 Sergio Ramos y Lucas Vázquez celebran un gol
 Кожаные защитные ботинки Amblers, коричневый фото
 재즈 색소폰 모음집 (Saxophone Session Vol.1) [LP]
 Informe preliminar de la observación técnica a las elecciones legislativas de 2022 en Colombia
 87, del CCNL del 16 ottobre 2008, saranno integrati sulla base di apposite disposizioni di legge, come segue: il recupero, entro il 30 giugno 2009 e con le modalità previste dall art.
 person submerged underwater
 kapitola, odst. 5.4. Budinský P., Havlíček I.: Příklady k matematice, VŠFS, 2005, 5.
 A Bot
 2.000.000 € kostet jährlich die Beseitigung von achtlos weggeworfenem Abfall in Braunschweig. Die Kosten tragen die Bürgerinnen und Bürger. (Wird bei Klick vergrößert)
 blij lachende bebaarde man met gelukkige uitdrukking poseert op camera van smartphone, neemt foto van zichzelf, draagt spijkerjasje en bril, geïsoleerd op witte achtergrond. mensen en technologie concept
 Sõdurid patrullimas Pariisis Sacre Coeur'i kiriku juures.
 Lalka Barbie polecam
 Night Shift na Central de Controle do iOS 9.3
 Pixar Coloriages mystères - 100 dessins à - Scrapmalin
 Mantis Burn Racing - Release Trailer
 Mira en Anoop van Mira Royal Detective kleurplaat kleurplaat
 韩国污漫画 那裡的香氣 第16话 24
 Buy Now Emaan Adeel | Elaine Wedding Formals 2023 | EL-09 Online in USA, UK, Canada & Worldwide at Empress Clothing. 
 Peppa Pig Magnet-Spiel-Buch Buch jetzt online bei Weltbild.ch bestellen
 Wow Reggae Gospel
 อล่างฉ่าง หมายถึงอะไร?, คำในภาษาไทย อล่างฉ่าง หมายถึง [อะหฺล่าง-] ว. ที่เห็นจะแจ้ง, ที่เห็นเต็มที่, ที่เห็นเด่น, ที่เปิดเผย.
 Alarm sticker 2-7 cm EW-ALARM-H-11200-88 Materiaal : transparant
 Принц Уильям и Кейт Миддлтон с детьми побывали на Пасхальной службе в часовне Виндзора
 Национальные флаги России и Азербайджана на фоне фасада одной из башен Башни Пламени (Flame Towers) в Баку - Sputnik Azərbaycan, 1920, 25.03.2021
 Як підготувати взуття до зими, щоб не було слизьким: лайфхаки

####

#### [Exercise instructions]
All the entries are to be reproduced verbatim.

#### [Solution for this problem]
 Sergio Ramos y Lucas Vázquez celebran un gol
 Кожаные защитные ботинки Amblers, коричневый фото
 재즈 색소폰 모음집 (Saxophone Session Vol.1) [LP]
 Informe preliminar de la observación técnica a las elecciones legislativas de 2022 en Colombia
 87, del CCNL del 16 ottobre 2008, saranno integrati sulla base di apposite disposizioni di legge, come segue: il recupero, entro il 30 giugno 2009 e con le modalità previste dall art.
 person submerged underwater
 kapitola, odst. 5.4. Budinský P., Havlíček I.: Příklady k matematice, VŠFS, 2005, 5.
 A Bot
 2.000.000 € kostet jährlich die Beseitigung von achtlos weggeworfenem Abfall in Braunschweig. Die Kosten tragen die Bürgerinnen und Bürger. (Wird bei Klick vergrößert)
 blij lachende bebaarde man met gelukkige uitdrukking poseert op camera van smartphone, neemt foto van zichzelf, draagt spijkerjasje en bril, geïsoleerd op witte achtergrond. mensen en technologie concept
 Sõdurid patrullimas Pariisis Sacre Coeur'i kiriku juures.
 Lalka Barbie polecam
 Night Shift na Central de Controle do iOS 9.3
 Pixar Coloriages mystères - 100 dessins à - Scrapmalin
 Mantis Burn Racing - Release Trailer
 Mira en Anoop van Mira Royal Detective kleurplaat kleurplaat
 韩国污漫画 那裡的香氣 第16话 24
 Buy Now Emaan Adeel | Elaine Wedding Formals 2023 | EL-09 Online in USA, UK, Canada & Worldwide at Empress Clothing. 
 Peppa Pig Magnet-Spiel-Buch Buch jetzt online bei Weltbild.ch bestellen
 Wow Reggae Gospel
 อล่างฉ่าง หมายถึงอะไร?, คำในภาษาไทย อล่างฉ่าง หมายถึง [อะหฺล่าง-] ว. ที่เห็นจะแจ้ง, ที่เห็นเต็มที่, ที่เห็นเด่น, ที่เปิดเผย.
 Alarm sticker 2-7 cm EW-ALARM-H-11200-88 Materiaal : transparant
 Принц Уильям и Кейт Миддлтон с детьми побывали на Пасхальной службе в часовне Виндзора
 Национальные флаги России и Азербайджана на фоне фасада одной из башен Башни Пламени (Flame Towers) в Баку - Sputnik Azərbaycan, 1920, 25.03.2021
 Як підготувати взуття до зими, щоб не було слизьким: лайфхаки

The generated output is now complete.